Investidores temem calote da dívida grega e fogem para a moeda americana; alta em 2011 atinge 3% e já há quem projete efeito na inflação
Pela primeira vez em 2011, o dólar encerrou um dia valendo mais de R$ 1,70. Em meio às tensões provocadas pela crise europeia, a moeda americana teve a sétima valorização em oito sessões e fechou a segunda-feira cotada a R$ 1,715, alta de 2,02%. No ano, acumula avanço de 3,06% ante o real.
Ninguém se arrisca a dizer que a tendência de subida veio para ficar - depende da própria evolução da crise. Mas uma coisa é certa: por ora, o cenário em que a moeda poderia se aproximar de R$ 1,50, que tanto preocupava o governo, está descartado.
O desconforto causado pela forte valorização da moeda já leva alguns analistas a pedir mudança de atitude do Banco Central (BC), que continua comprando dólares no mercado. "Já era para ter parado (de comprar)", disse Nathan Blanche, sócio da Tendências Consultoria. "O BC tem de se preparar para começar a vender."

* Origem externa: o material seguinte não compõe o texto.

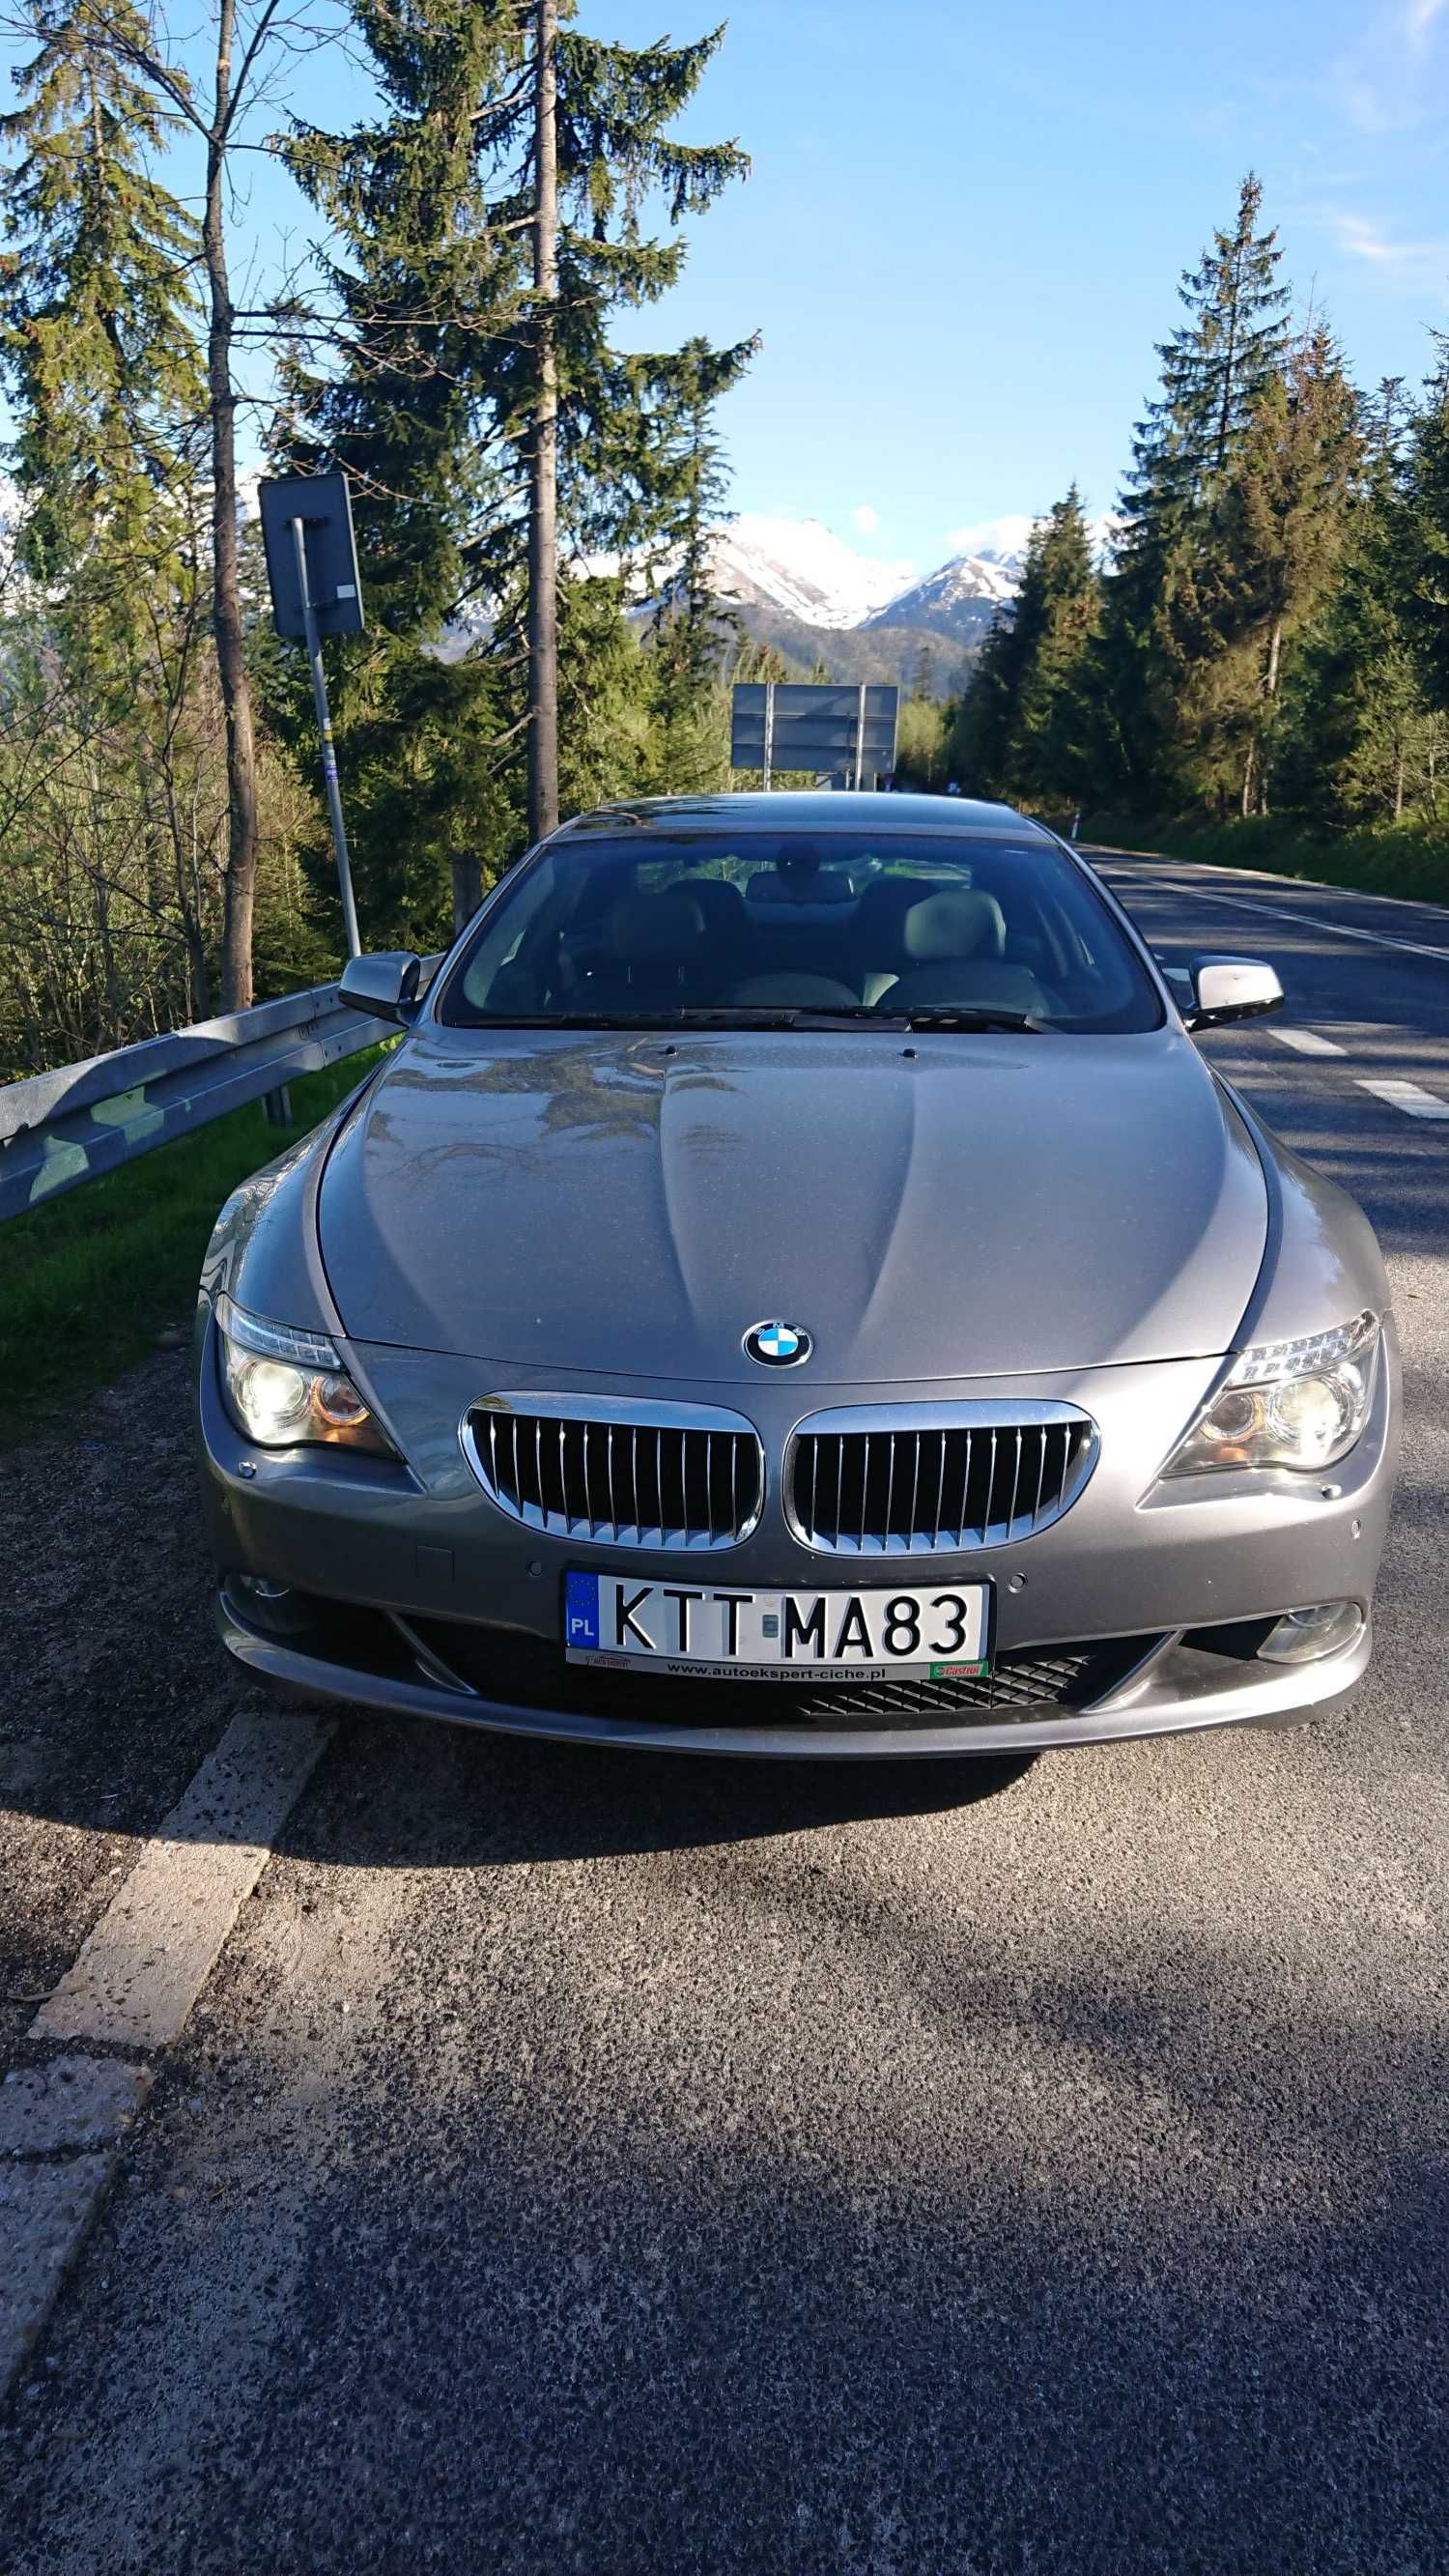 BMW Seria 6, 650i, LCI, 2010r, 4.8, zadbana, sportpakiet

Segundo ele, o BC adquiriu cerca de US$ 4,5 bilhões em agosto. Em setembro, porém, o ritmo diminuiu. Nos dias 1 e 2, a média diária de compras segundo o próprio BC foi de US$ 36,5 milhões, ante US$ 83 milhões na última semana de agosto.
O temor de especialistas como Blanche é o efeito que o câmbio mais desvalorizado pode ter na inflação, que já está pressionada. O dólar mais caro afeta os preços dos importados.
Nas contas dos analistas da Tendências, se o dólar permanecer na faixa de R$ 1,70, a estimativa para o IPCA de 2011 vai para 6,81%, ante 6,60% no cenário com a moeda em R$ 1,60. IPCA é o índice oficial de inflação, cuja meta anual é de 4,5%, com margem de tolerância de dois pontos para cima ou para baixo.
O vice-presidente de Tesouraria do Banco WestLB, Ures Folchini, aponta quatro razões para a recente valorização da moeda americana. A primeira é uma mudança cada vez mais evidente no chamado mix de política econômica do governo Dilma, que privilegia o crescimento em detrimento da inflação na meta.
É por isso que o BC já teria iniciado, há duas semanas, uma sequência de quedas do juro básico (Selic), de 12,50% para 12% ao ano. O segundo fator diz respeito às ações do governo para conter a alta do real ante o dólar.
O terceiro ponto é um movimento de empresas de remeter dinheiro para as matrizes no exterior. Por fim - razão que preponderou ontem -, a crise europeia. "Hoje (ontem) há clara aversão ao risco", afirmou.
Crise sem fim. O medo dos investidores cresceu no fim de semana por causa dos rumores de que a Grécia poderia decretar um calote de sua dívida pública, o que agravaria ainda mais a crise na zona do euro. Se a Grécia não honrar seus compromissos, haverá impacto no sistema bancário, que tem pesada exposição a títulos gregos. Como não há estimativa confiável do tamanho dessa exposição, teme-se que, em breve, a região volte a viver um cenário semelhante ao de 2008: o chamado credit crunch.
Em outras palavras, bancos param de emprestar para outros bancos com medo de não receber o dinheiro de volta. Com isso, interrompe-se o crédito e trava-se a atividade econômica.
Ontem, as bolsas europeias tiveram expressivas quedas. No Brasil e nos EUA, a tensão arrefeceu depois de o Financial Times informar que a China estuda comprar bônus da Itália, outro país sob pressão. O Índice Bovespa perdeu 0,17%. Nos EUA, o Índice Dow Jones subiu 0,63%.